VPSCATTERDD, VPSCATTERDQ, VPSCATTERQD, VPSCATTERQQ

Scatter Packed Dword, Packed Qword with Signed Dword, Signed Qword Indices

참고 사항

아래 표를 해석하는 방법은 x86-64 명령어 레퍼런스 읽는 법 글을 참조하시기 바랍니다.

Opcode/ Instruction	Op/ En	64/32 bit Mode Support	CPUID Feature Flag	Description
`EVEX.128.66.0F38.W0 A0 /vsib` VPSCATTERDD vm32x {k1} xmm1	T1S	V/V	AVX512VL AVX512F	Using signed dword indices, scatter dword values to memory using writemask k1.
`EVEX.256.66.0F38.W0 A0 /vsib` VPSCATTERDD vm32y {k1} ymm1	T1S	V/V	AVX512VL AVX512F	Using signed dword indices, scatter dword values to memory using writemask k1.
`EVEX.512.66.0F38.W0 A0 /vsib` VPSCATTERDD vm32z {k1} zmm1	T1S	V/V	AVX512F	Using signed dword indices, scatter dword values to memory using writemask k1.
`EVEX.128.66.0F38.W1 A0 /vsib` VPSCATTERDQ vm32x {k1} xmm1	T1S	V/V	AVX512VL AVX512F	Using signed dword indices, scatter qword values to memory using writemask k1.
`EVEX.256.66.0F38.W1 A0 /vsib` VPSCATTERDQ vm32x {k1} ymm1	T1S	V/V	AVX512VL AVX512F	Using signed dword indices, scatter qword values to memory using writemask k1.
`EVEX.512.66.0F38.W1 A0 /vsib` VPSCATTERDQ vm32y {k1} zmm1	T1S	V/V	AVX512F	Using signed dword indices, scatter qword values to memory using writemask k1.
`EVEX.128.66.0F38.W0 A1 /vsib` VPSCATTERQD vm64x {k1} xmm1	T1S	V/V	AVX512VL AVX512F	Using signed qword indices, scatter dword values to memory using writemask k1.
`EVEX.256.66.0F38.W0 A1 /vsib` VPSCATTERQD vm64y {k1} xmm1	T1S	V/V	AVX512VL AVX512F	Using signed qword indices, scatter dword values to memory using writemask k1.
`EVEX.512.66.0F38.W0 A1 /vsib` VPSCATTERQD vm64z {k1} ymm1	T1S	V/V	AVX512F	Using signed qword indices, scatter dword values to memory using writemask k1.
`EVEX.128.66.0F38.W1 A1 /vsib` VPSCATTERQQ vm64x {k1} xmm1	T1S	V/V	AVX512VL AVX512F	Using signed qword indices, scatter qword values to memory using writemask k1.
`EVEX.256.66.0F38.W1 A1 /vsib` VPSCATTERQQ vm64y {k1} ymm1	T1S	V/V	AVX512VL AVX512F	Using signed qword indices, scatter qword values to memory using writemask k1.
`EVEX.512.66.0F38.W1 A1 /vsib` VPSCATTERQQ vm64z {k1} zmm1	T1S	V/V	AVX512F	Using signed qword indices, scatter qword values to memory using writemask k1.

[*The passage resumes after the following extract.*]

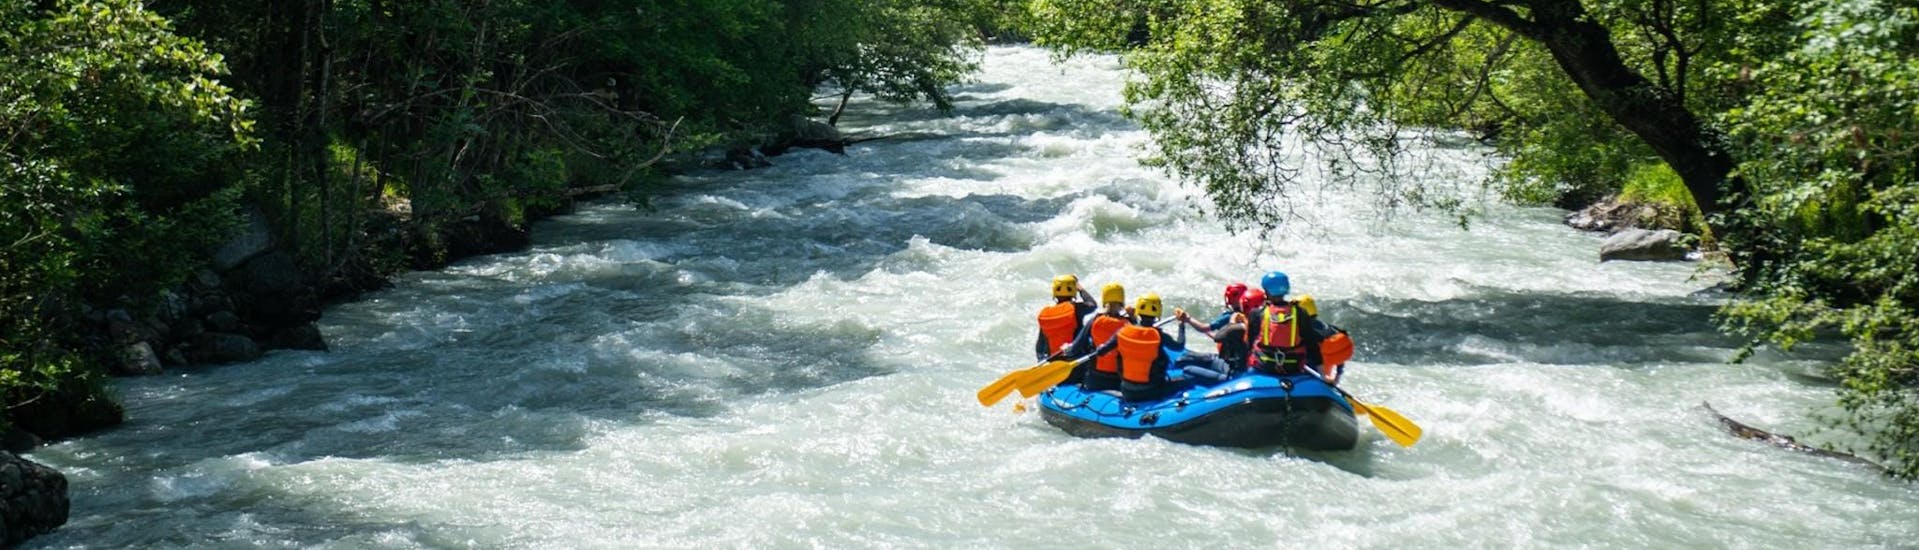 A group of people is paddling during the Rafting activity for a full day on the Guisane with Eaurigine.

Instruction Operand Encoding

Op/En	Operand 1	Operand 2	Operand 3	Operand 4
T1S	BaseReg (R): VSIB:base,VectorReg(R): VSIB:index	ModRM:reg (r)	NA	NA

Description

Stores up to 16 elements (8 elements for qword indices) in doubleword vector or 8 elements in quadword vector to the memory locations pointed by base address BASEADDR and index vector VINDEX, with scale SCALE. The elements are specified via the VSIB (i.e., the index register is a vector register, holding packed indices). Elements will only be stored if their corresponding mask bit is one. The entire mask register will be set to zero by this instruc-tion unless it triggers an exception.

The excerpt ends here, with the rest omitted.